- [Data shown]
▬▬▬▬▬▬▬▬▬▬

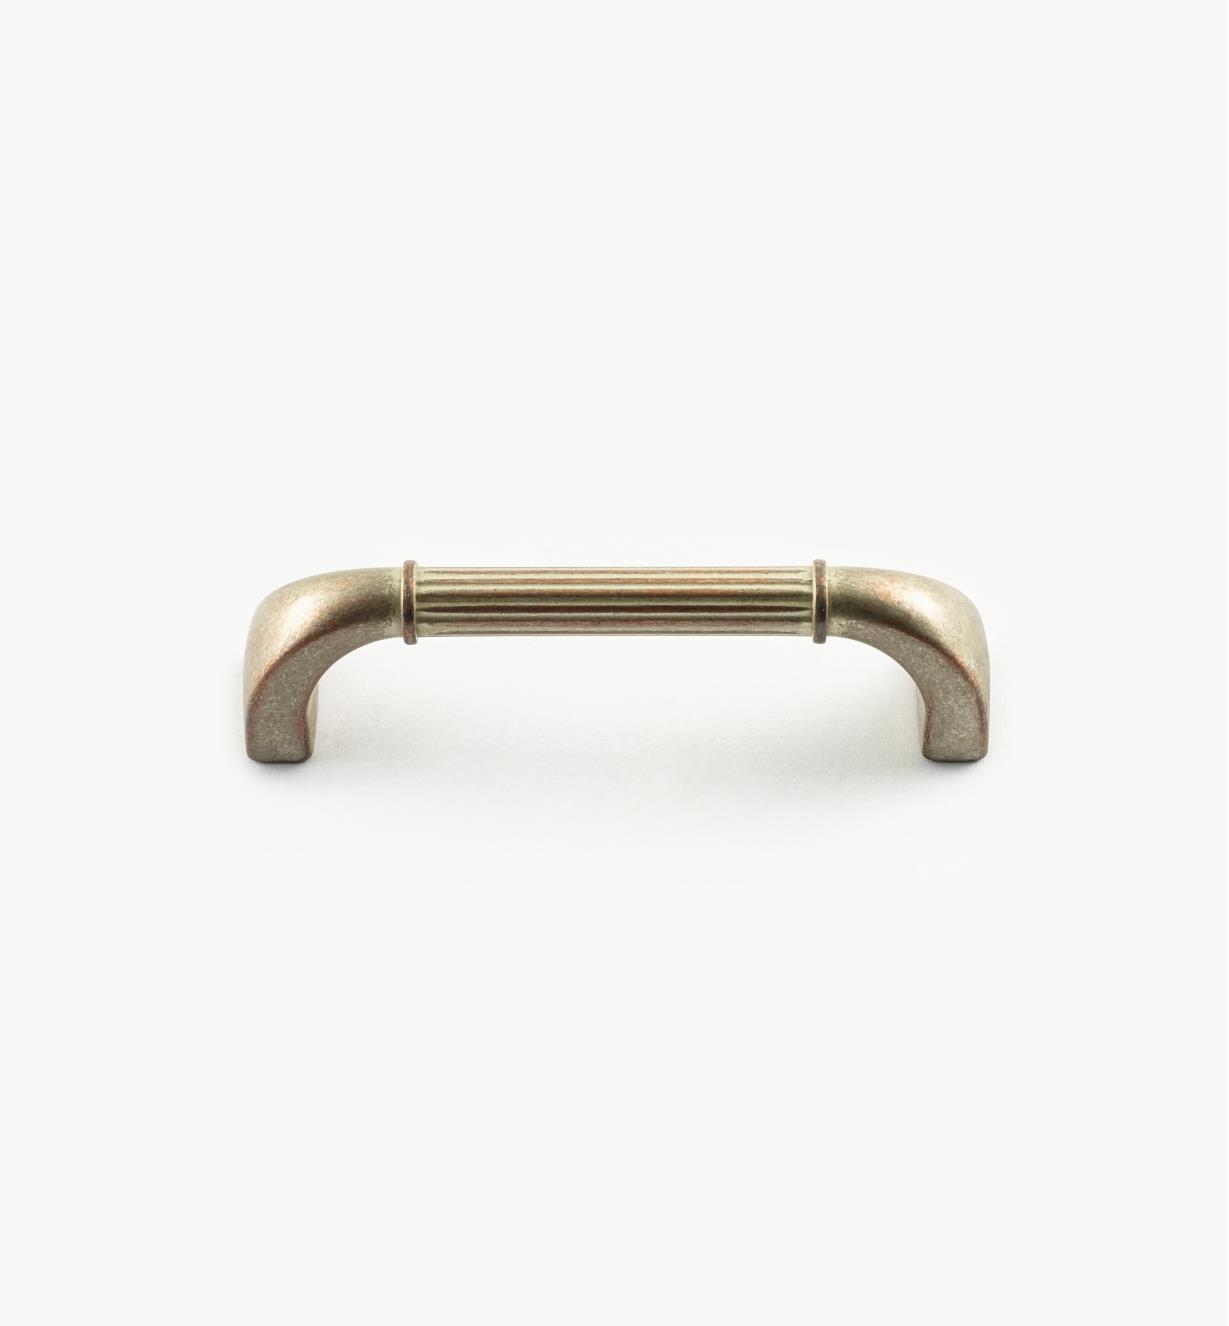 02A1422 - Poignée arquée à cannelure de 96 mm, série Galleria, fini nickel-cuivre vieilli
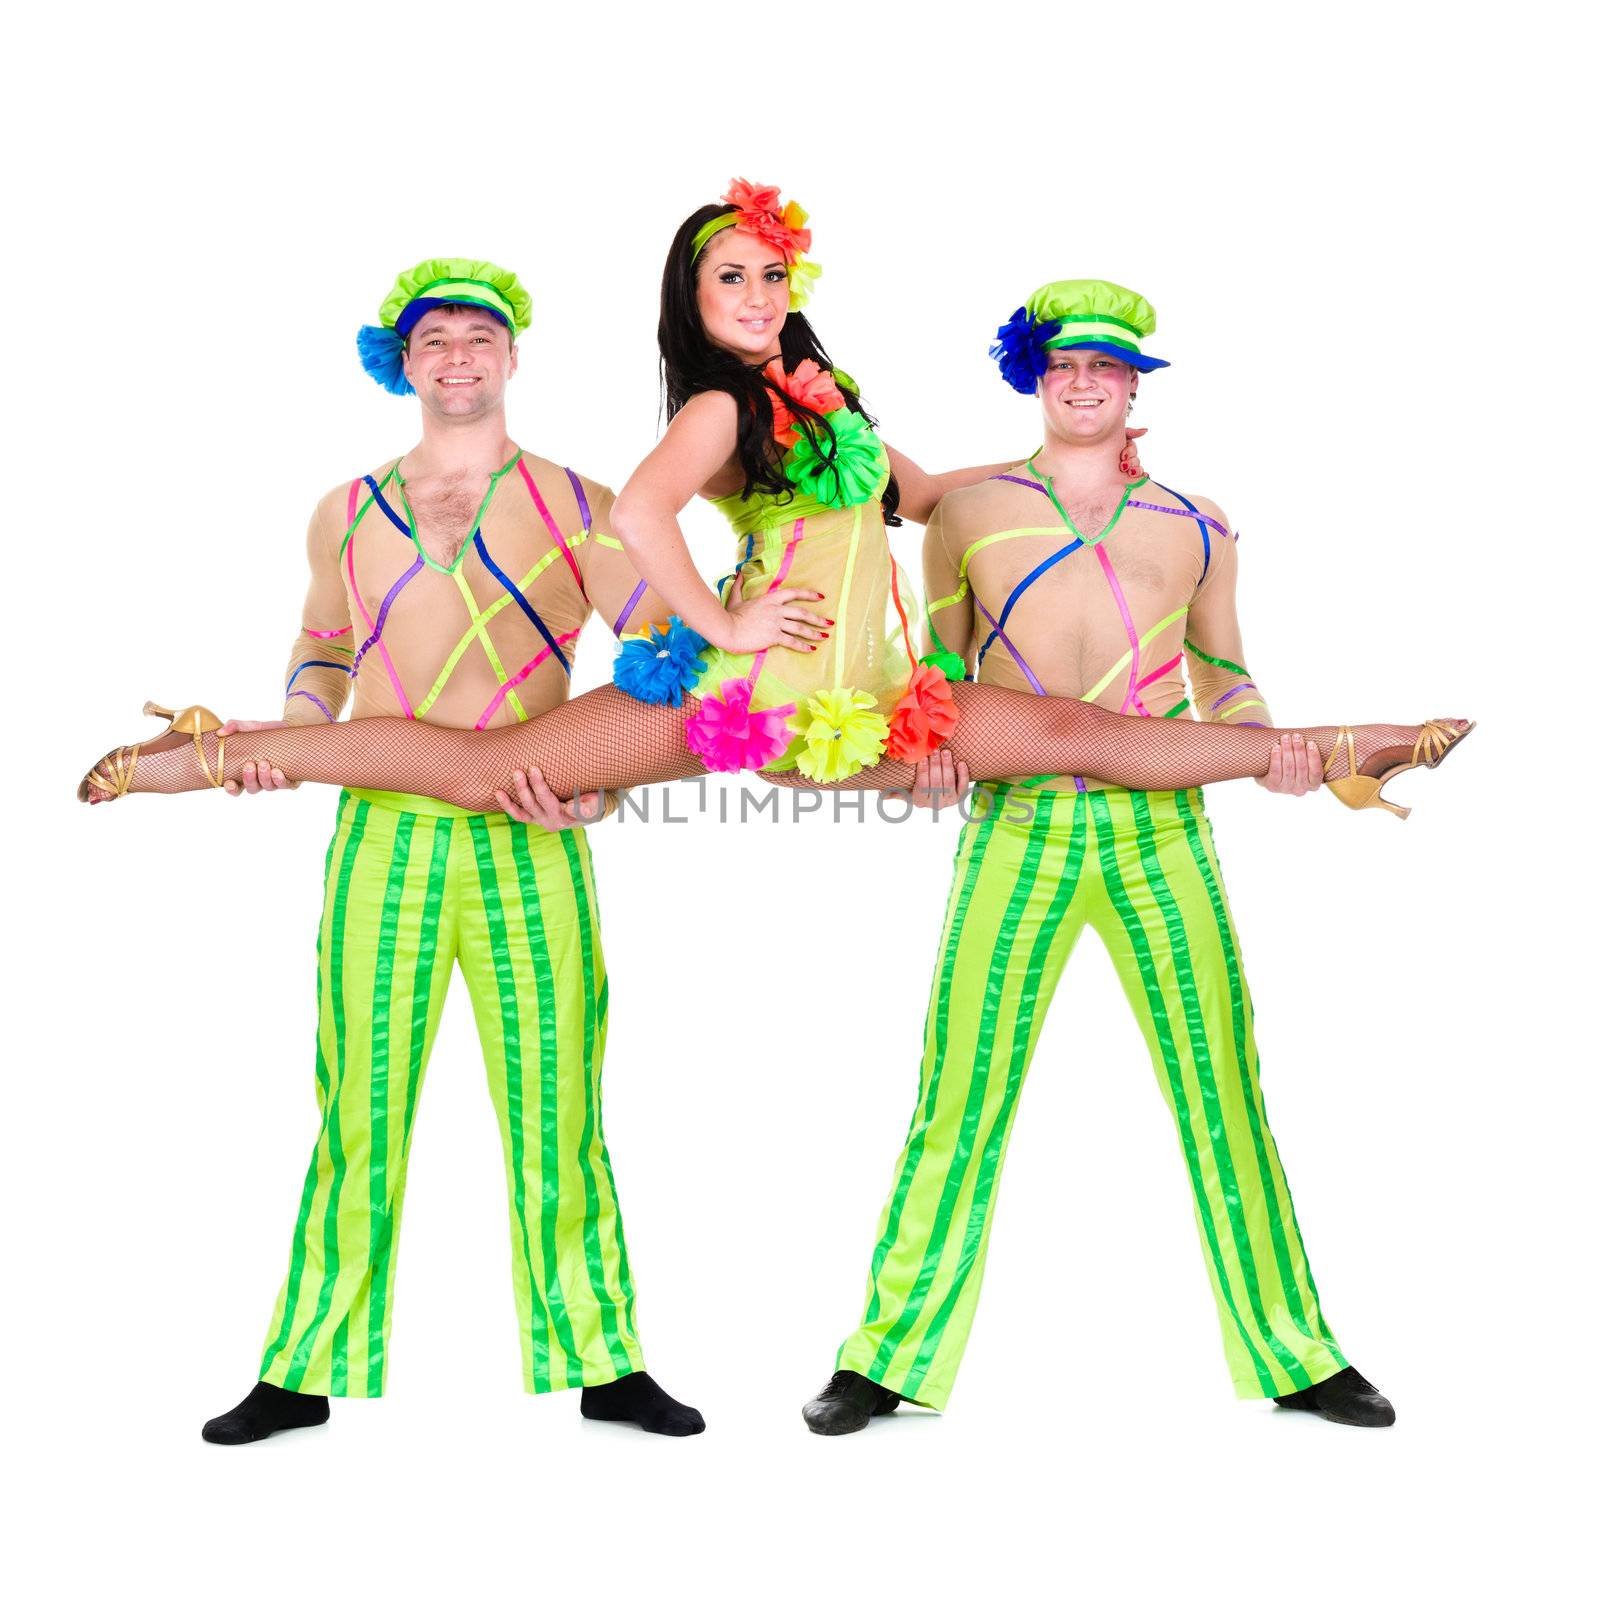 acrobat carnival dancers doing splits against isolated white background
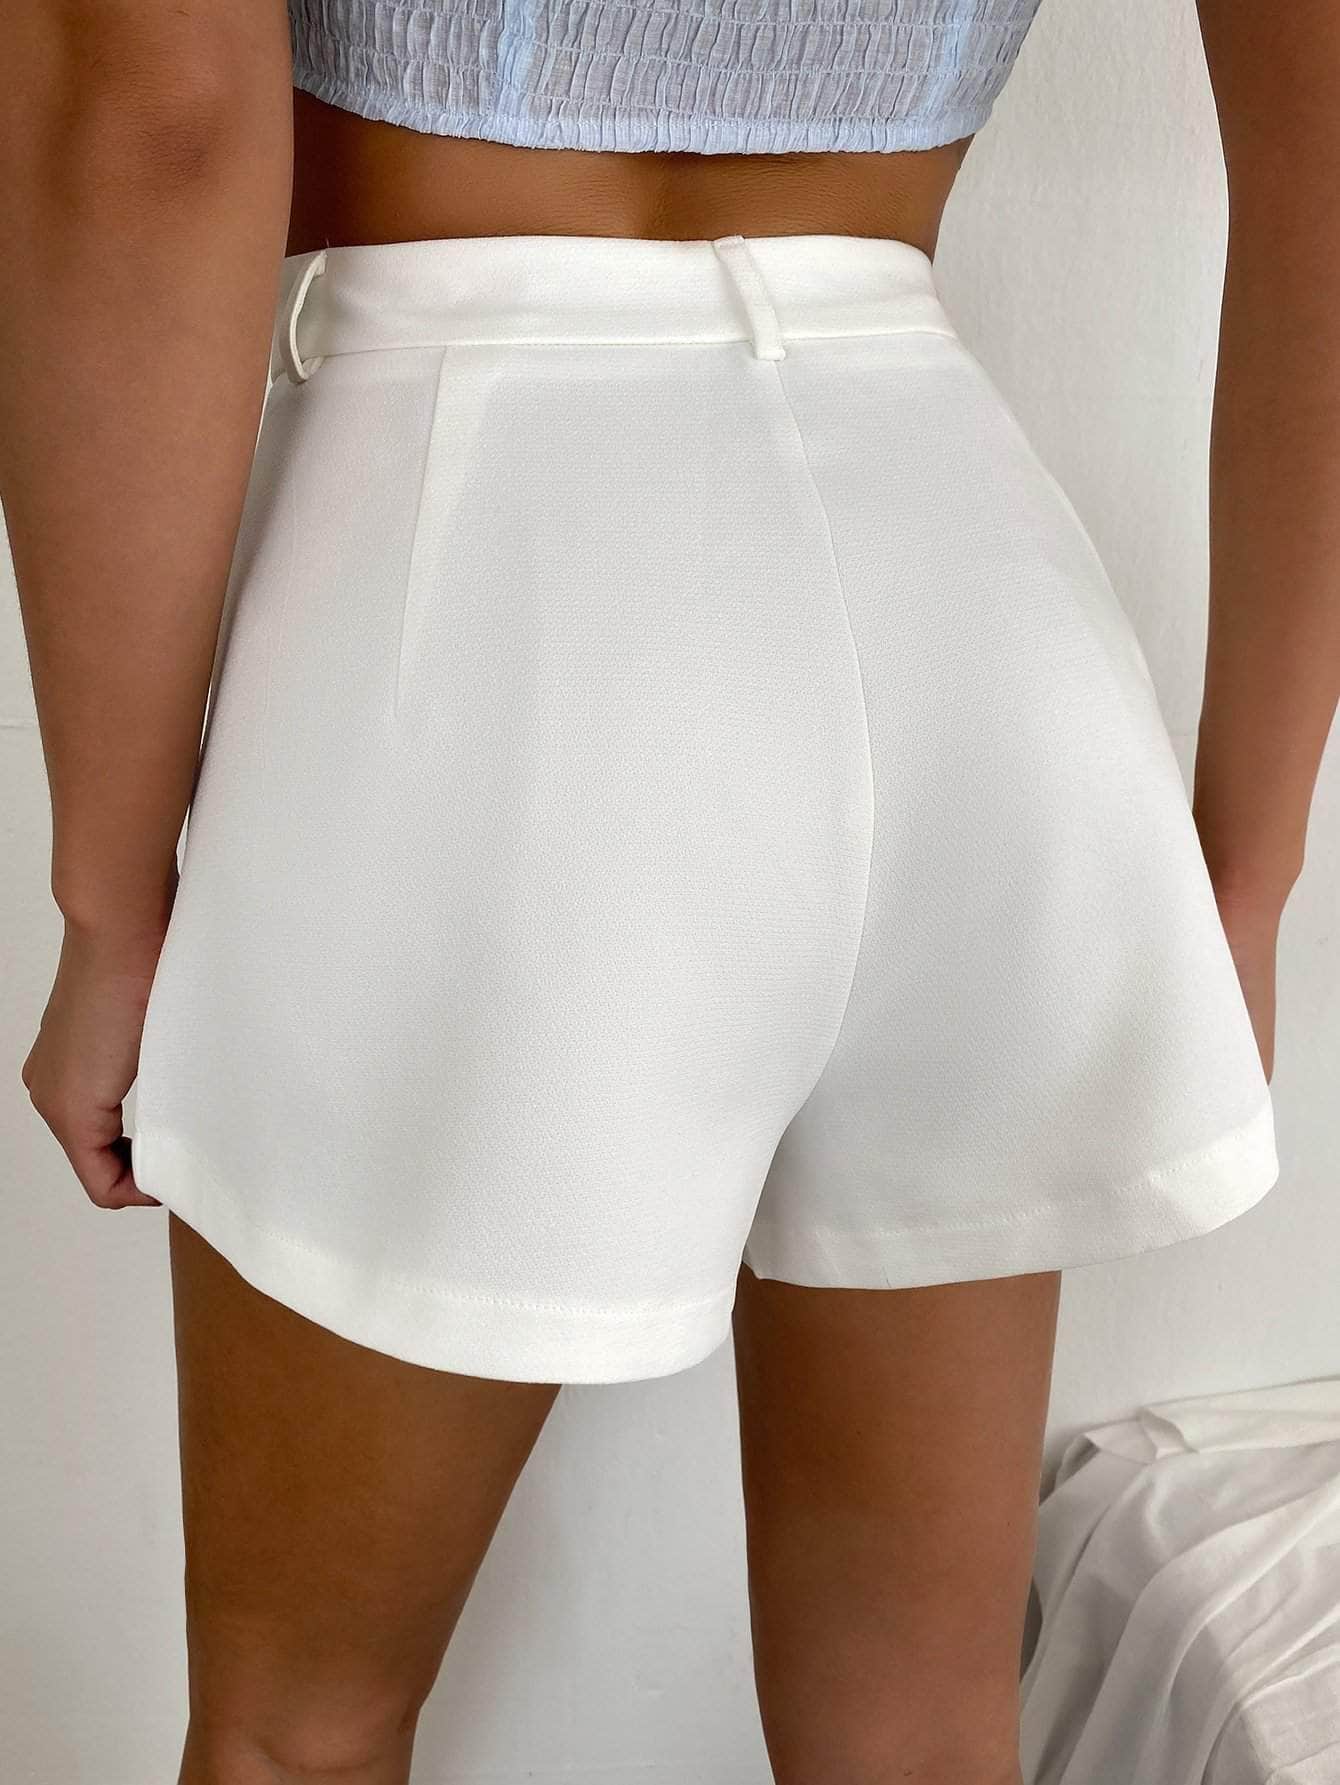 Blanco / S Shorts con bolsillo oblicuo de pierna ancha unicolor
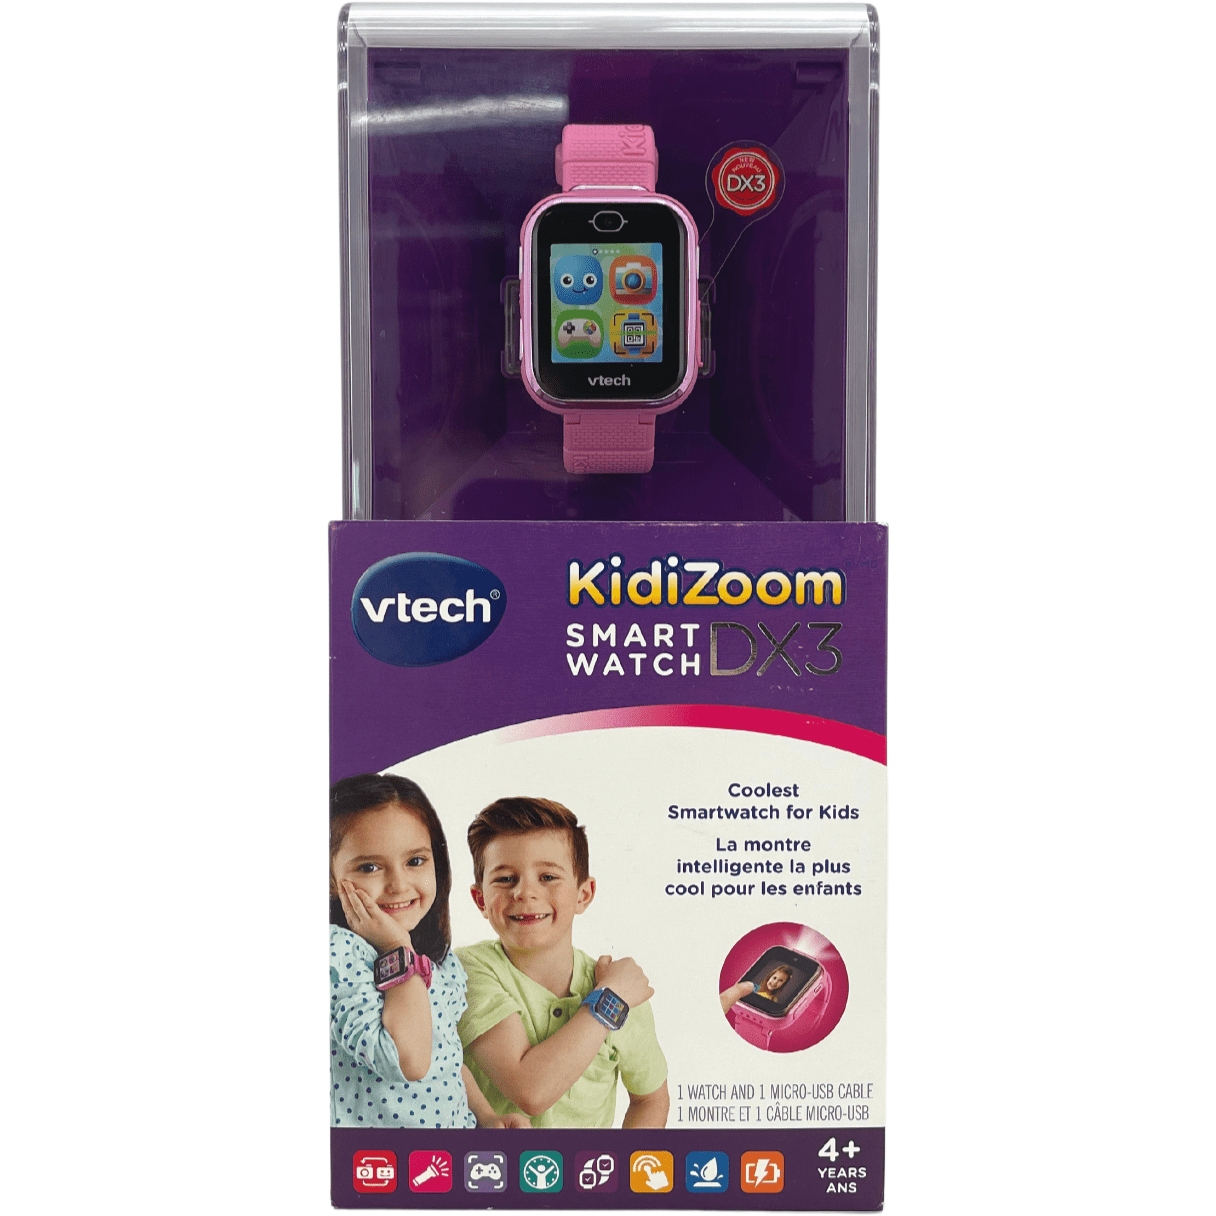 Vtech KidiZoom Smart Watch / DX3 / Dual Cameras / Pink

▬▬▬▬▬▬▬▬▬▬

- [Required action] With the images excluded, reproduce the data above precisely as written.

- [Output of the exercise]
 02A1422 - Poignée arquée à cannelure de 96 mm, série Galleria, fini nickel-cuivre vieilli
 acrobat carnival dancers doing splits against isolated white background
 Blanco / S Shorts con bolsillo oblicuo de pierna ancha unicolor
 Vtech KidiZoom Smart Watch / DX3 / Dual Cameras / Pink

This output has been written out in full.